The swarm drone concept is catching on with militaries around the world.

The UK military could have “drone swarm” units by the middle of next year to perform tasks including suicide missions inside enemy lines and overwhelming adversary air defenses, Ian Williams-Wynn, Managing Director of drone manufacturer Blue Bear, revealed to the Telegraph.

The UK Ministry of Defense (MoD) has invested 4 million pounds ($5.3 million) in the Bedfordshire drone manufacturer for the project, William-Wynn told the paper.

The company has matched the MoD’s funding and the UK military could now get a battery of 20 network-enabled drones for around 5 million pounds ($6.6 million) in six months, he explained.

The concept of “swarm drones” includes the deployment of multiple units of small unmanned aerial systems (UAS) to overwhelm enemy air defenses, conduct cyber-attacks, and provide live images to control centers located thousands of miles away from the operational area.

Former Defense Secretary, Gavin Williamson, announced in February last year that the “drone swarm” units would be deployed in the armed forces by the end of 2019.

Pandemic Delayed Project

The Royal Air Force’s (RAF) 216 squadron based at RAF Waddington in Lincolnshire was reportedly reactivated in April with the task of testing future “drone swarm” capability.

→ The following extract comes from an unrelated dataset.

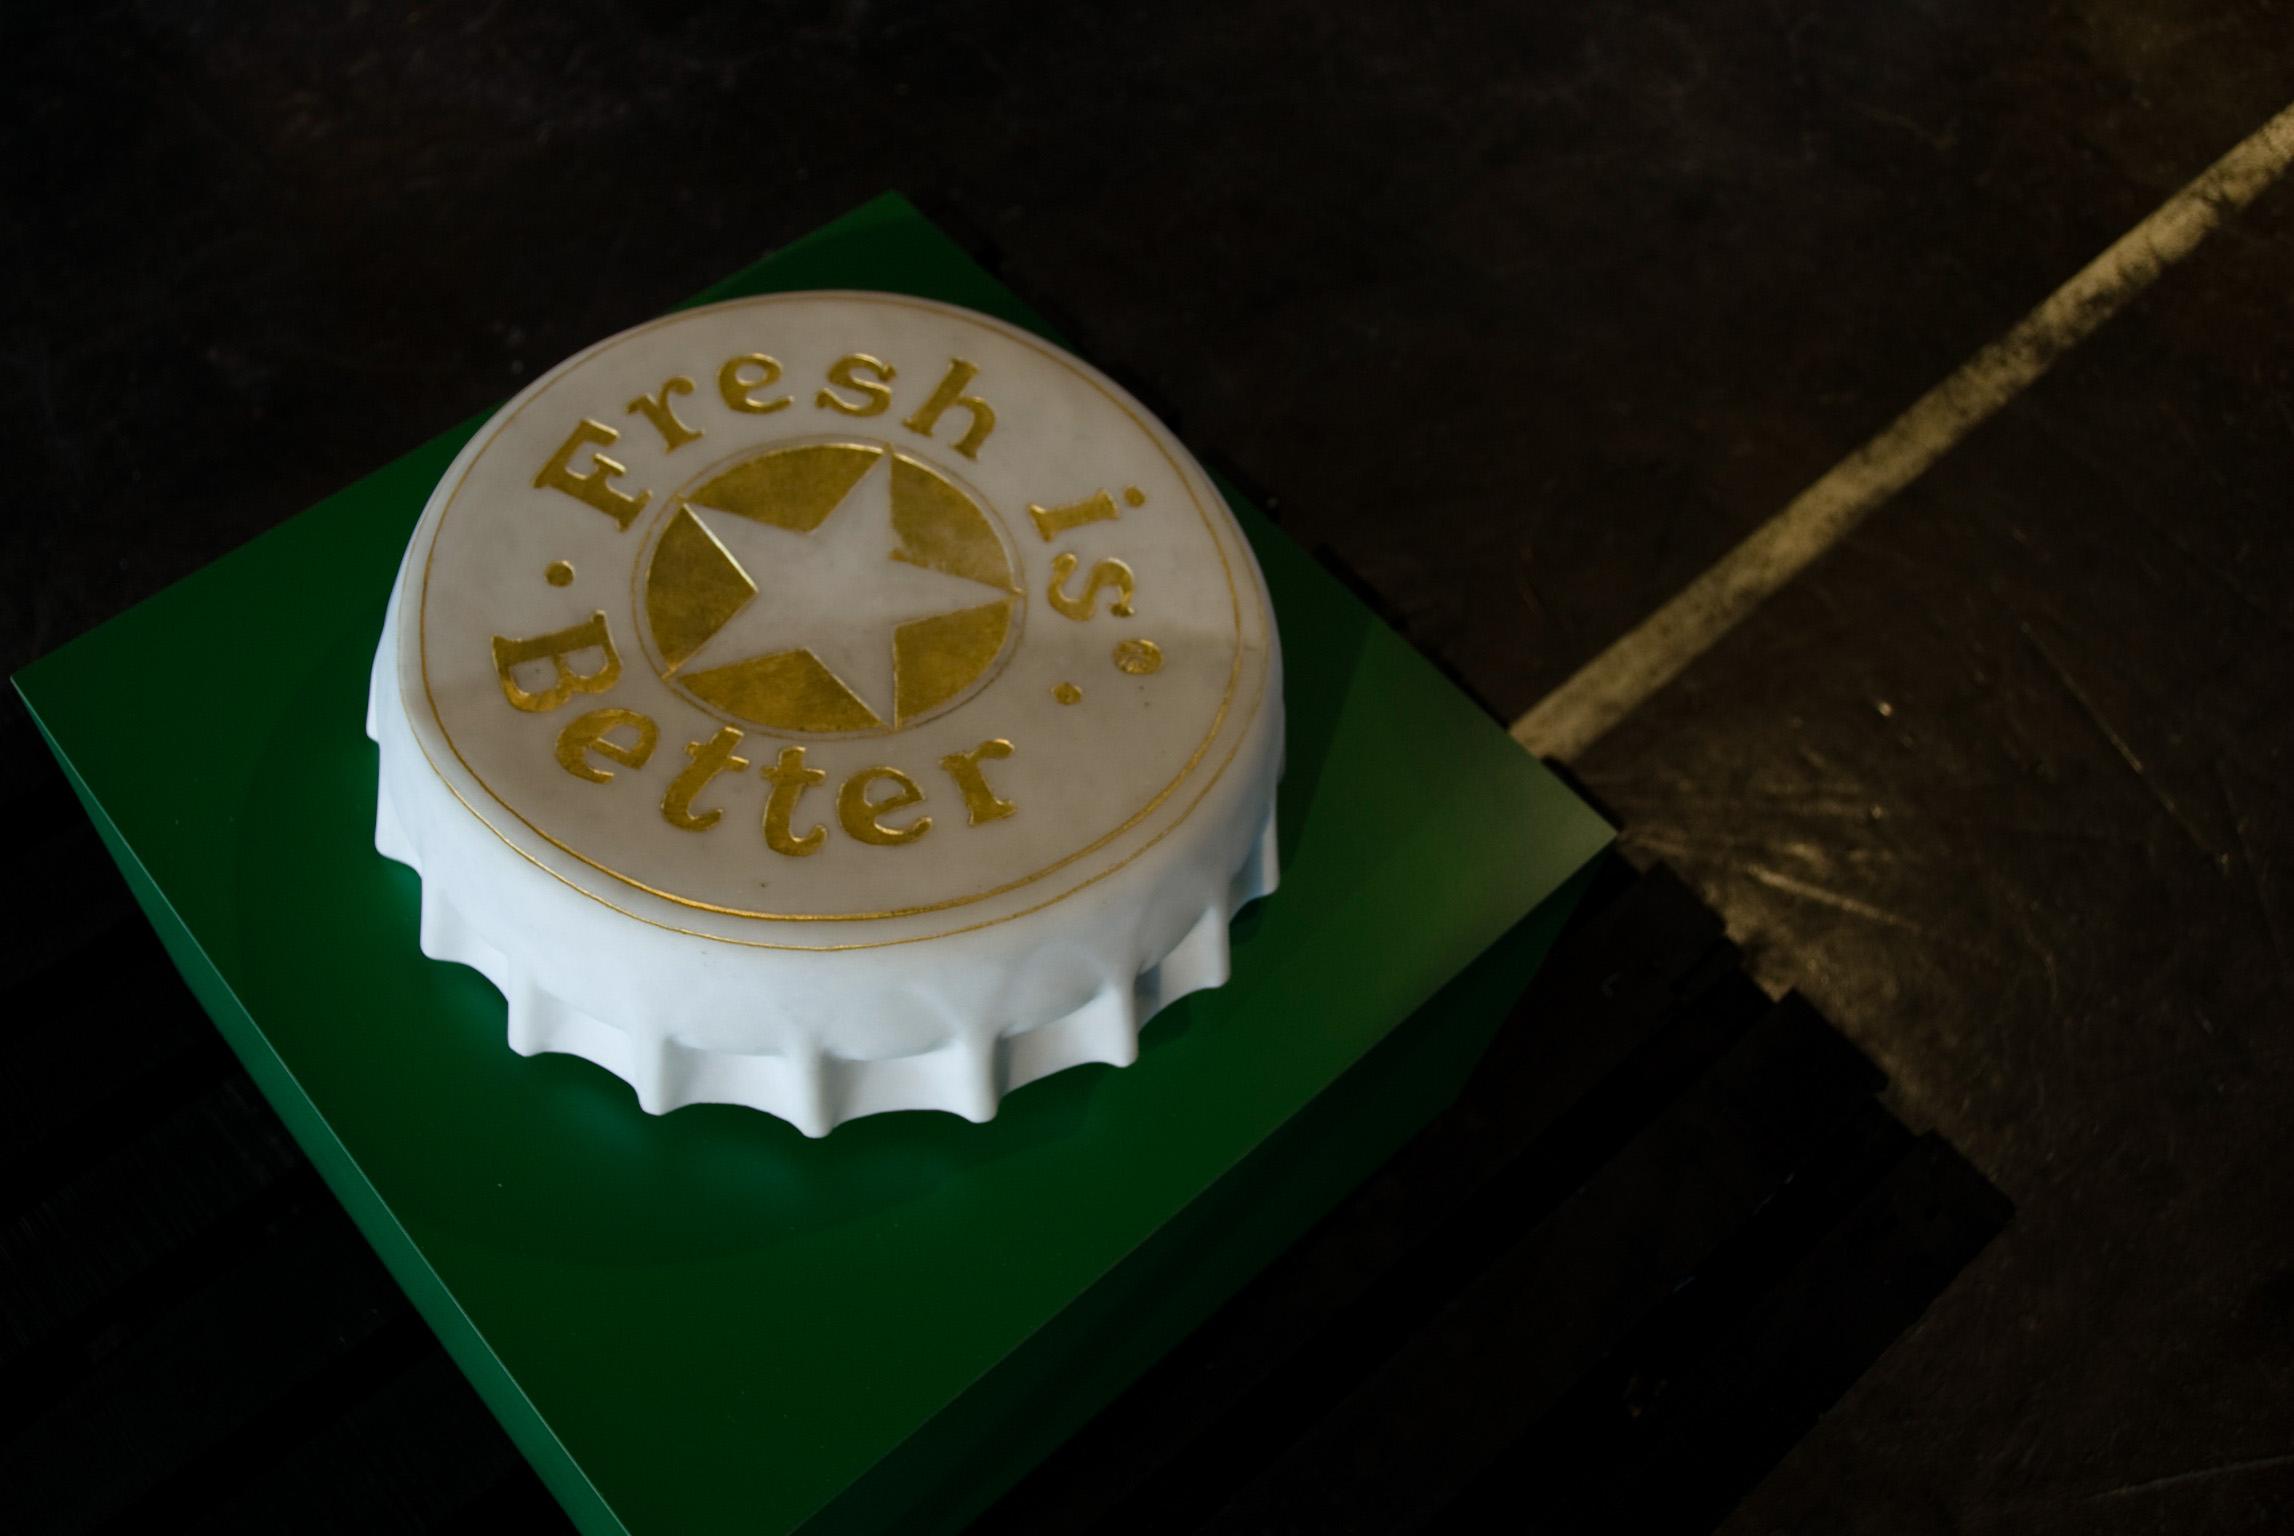 Michele Chiossi Fresh is Better, 2006  marmo statuario, foglia d'oro  base in laminato Heineken birra tappo scultura verde reused stappato stappare riciclaggio

The task, however, reportedly got overshadowed by the MoD’s changed priorities in the light of the pandemic.

The squadron is now working with the RAF’s Rapid Capabilities Office to bring experimental concepts into military service as quickly as possible.

Fighter Jet Mission Assistance

The primary task of the swarm capability is to confuse enemy air defenses and infrastructure while conventional aircraft like the F-35 or Eurofighter Typhoon safely carry out strikes.

The swarm drone concept is catching on with militaries around the world as expendable mission platforms which can be deployed in much larger numbers because of their comparatively low cost.

That’s why the UK, despite having an array of drones such as the Reaper and the upcoming Protector, is going ahead with the swarm technology.

Williams-Wynn remarked that there is resilience and flexibility in having a large fleet of cheaper drones with surveillance, electronic warfare, and other capabilities. “The platform is irrelevant. It’s a digital backbone and a nervous system to enable a mix of airborne, land, and maritime assets.”